According to the New York Post, which preserved the clip that has since been removed from the platform, the video shows a young woman checking over her shoulder to make sure no one is looking—a move that doesn’t make a ton of sense considering the video was uploaded to a service that has more than two billion monthly active users—before exposing her breast to the camera, along with what looks to be some sort of empty food container that is likely of far less interest.


The 18-second video has apparently become a hit with the locals living around the area, which is primarily known for its agriculture. The Post noted people have been posting comments on the video, joking about visiting the quiet country route “straight away.” One posted a review stating, “I’ve never thought about going there but now I want to. It definitely seems like a lively area.”
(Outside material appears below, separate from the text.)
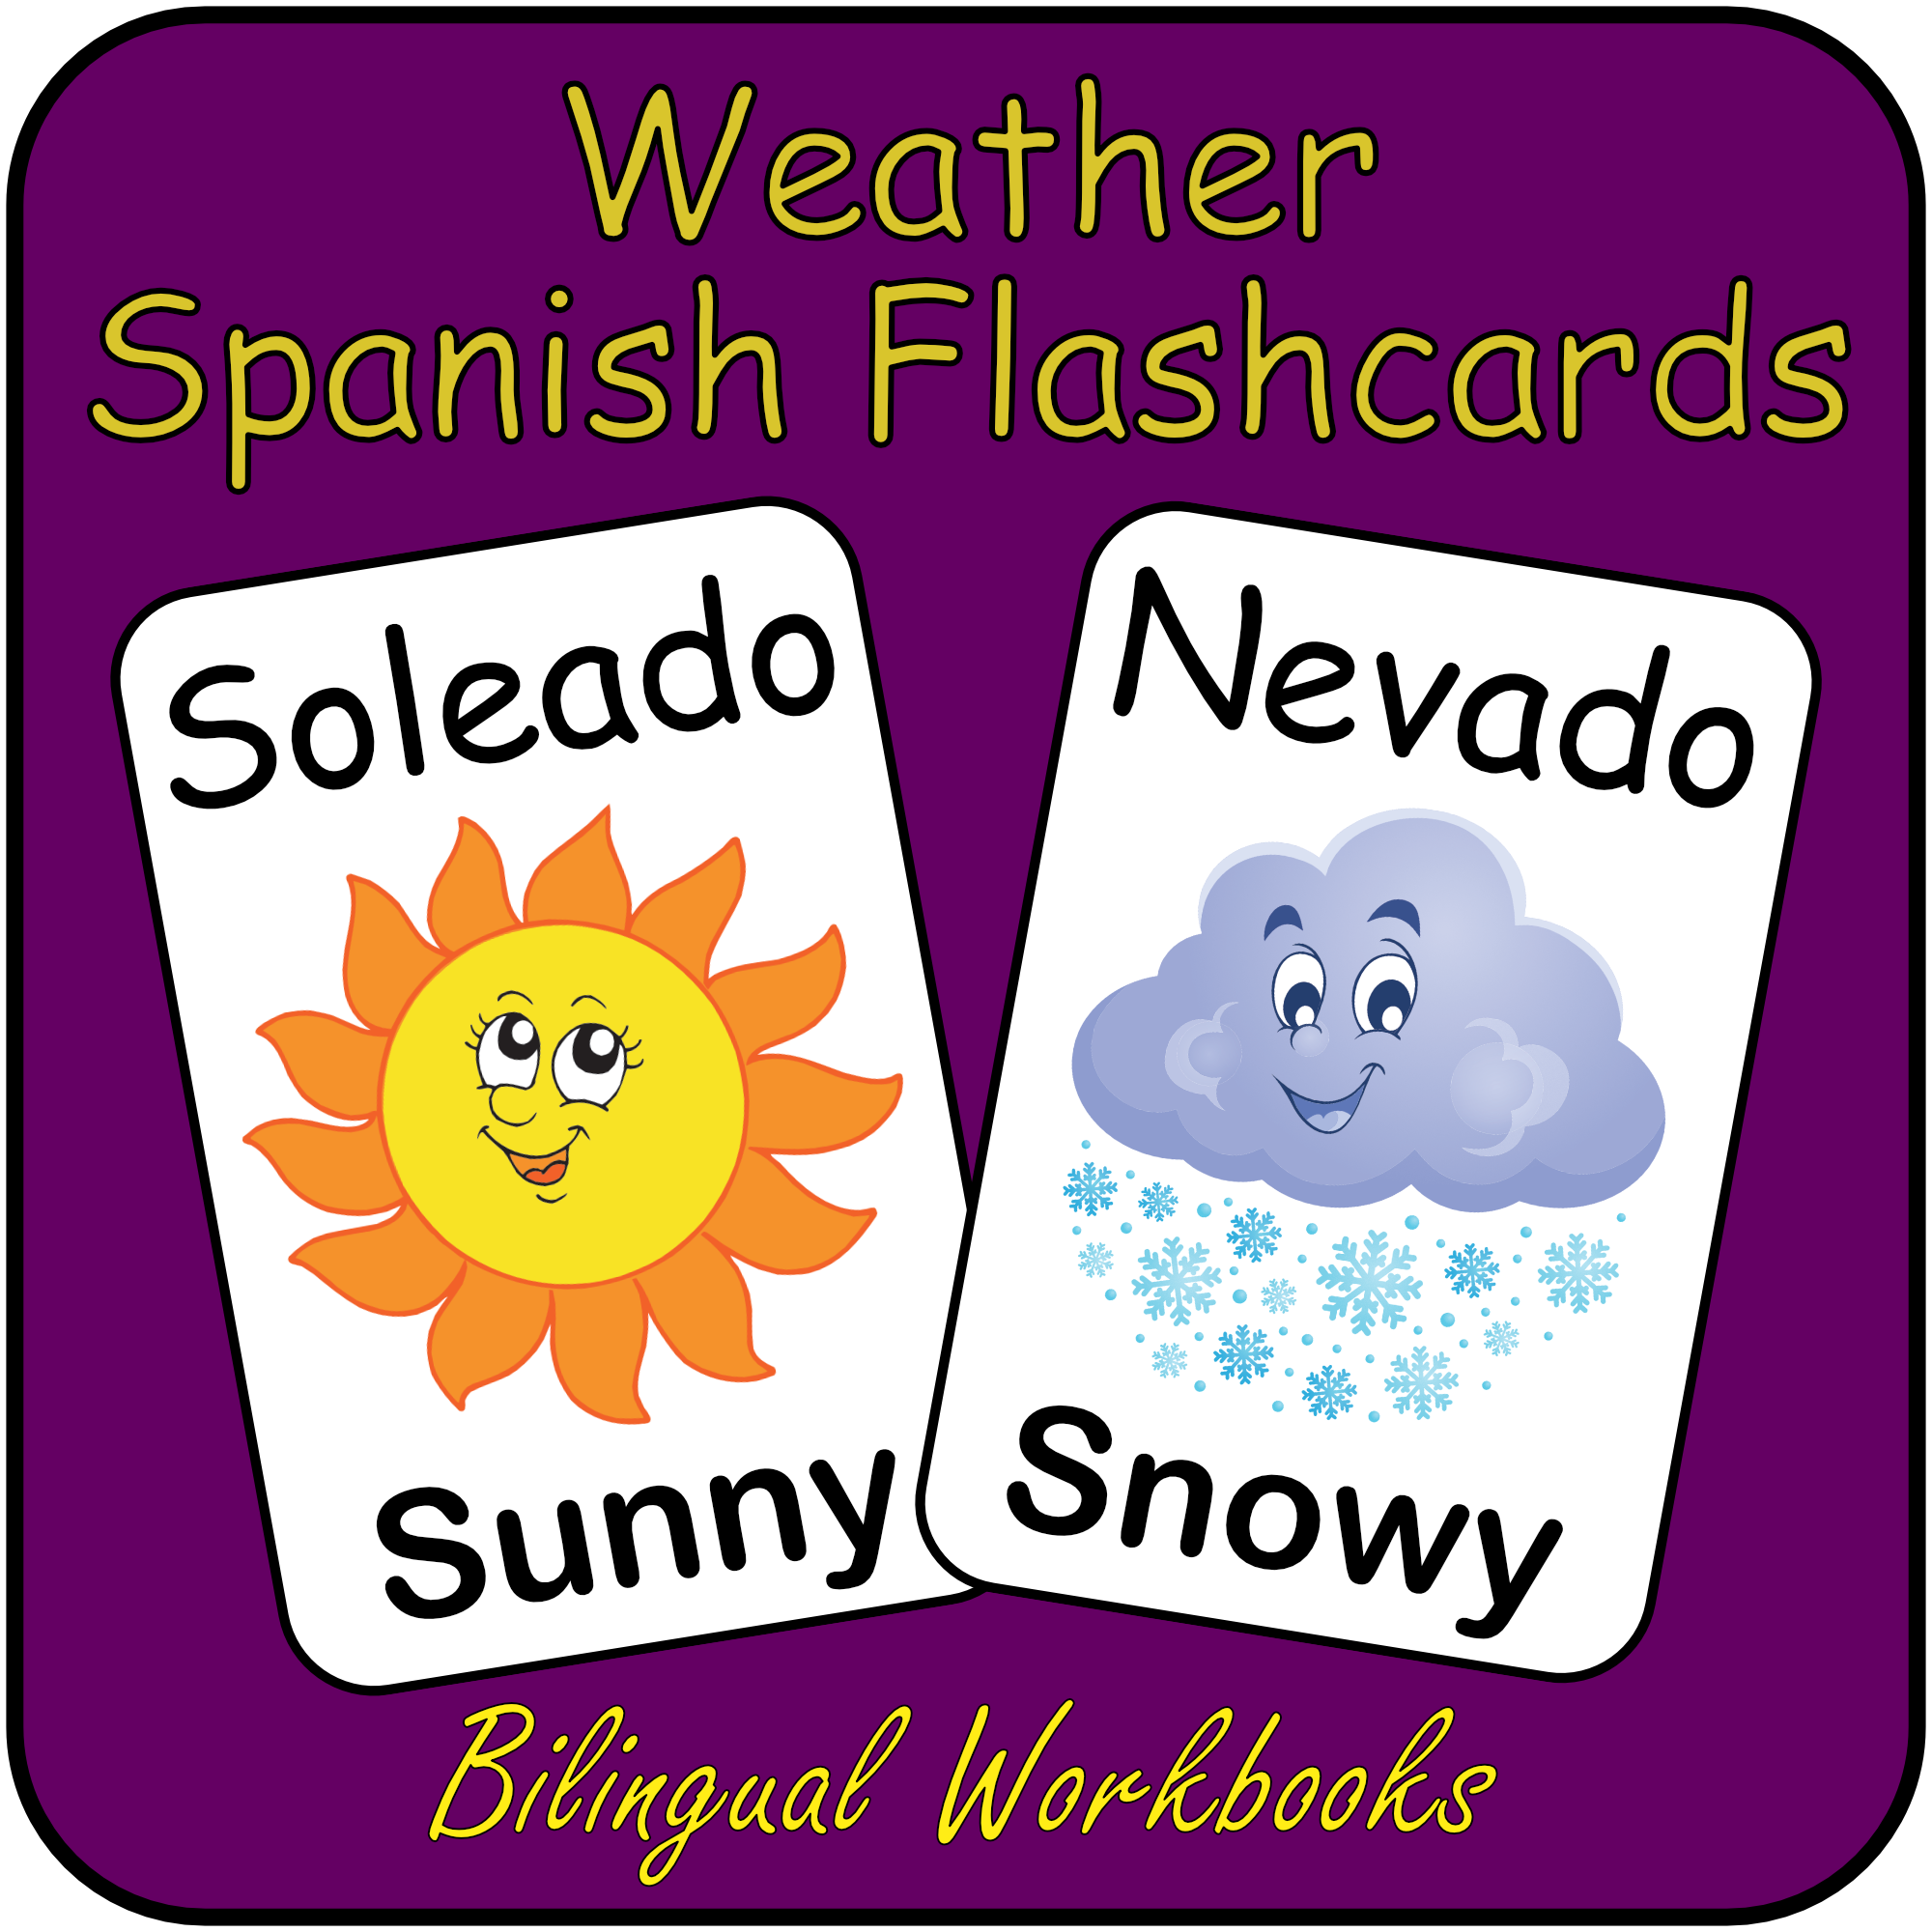 WEATHER - Spanish Flash Cards - Vocabulary Study flashcards with English and Spanish - Learn or Teach Spanish

Not much is known at this point about the person responsible for uploading the clip. According to Google’s own guidelines, people who contribute photos and videos to Google Maps have their profile linked to the content, which displays their name as it appears on their “About Me” page—though it’s easy to create a fake account. The account hasn’t been linked to anyone, and local media has only referred to the woman in the video as “western,” per the New York Post.

Google started encouraging users to share photos and videos last year with its “Local Guides” feature that allows users to earn points in exchange for contributions to Google Maps, though the boob video is probably not what the company expected. Google has guidelines for “user contributed content” on its Maps platform that outright prohibits “content that contains sexually explicit material,” which the intentional nipple slip likely comfortably falls under.

Google has removed the video, likely at the behest of user reports or at least tipped off by the hundreds of reviews pouring on for a far-flung road surrounded mostly by farmland. According to the New York Post, Google told Hong Kong-based tech blog Apple Daily that it is investigating how the clip was uploaded to the platform.


The company also reportedly said it’s working on “strengthening the system’s automatic detection mechanism” to catch future attempts to flash the world, which means somewhere in the Google offices, there is a person feeding pictures of nipples to the company’s image detection software.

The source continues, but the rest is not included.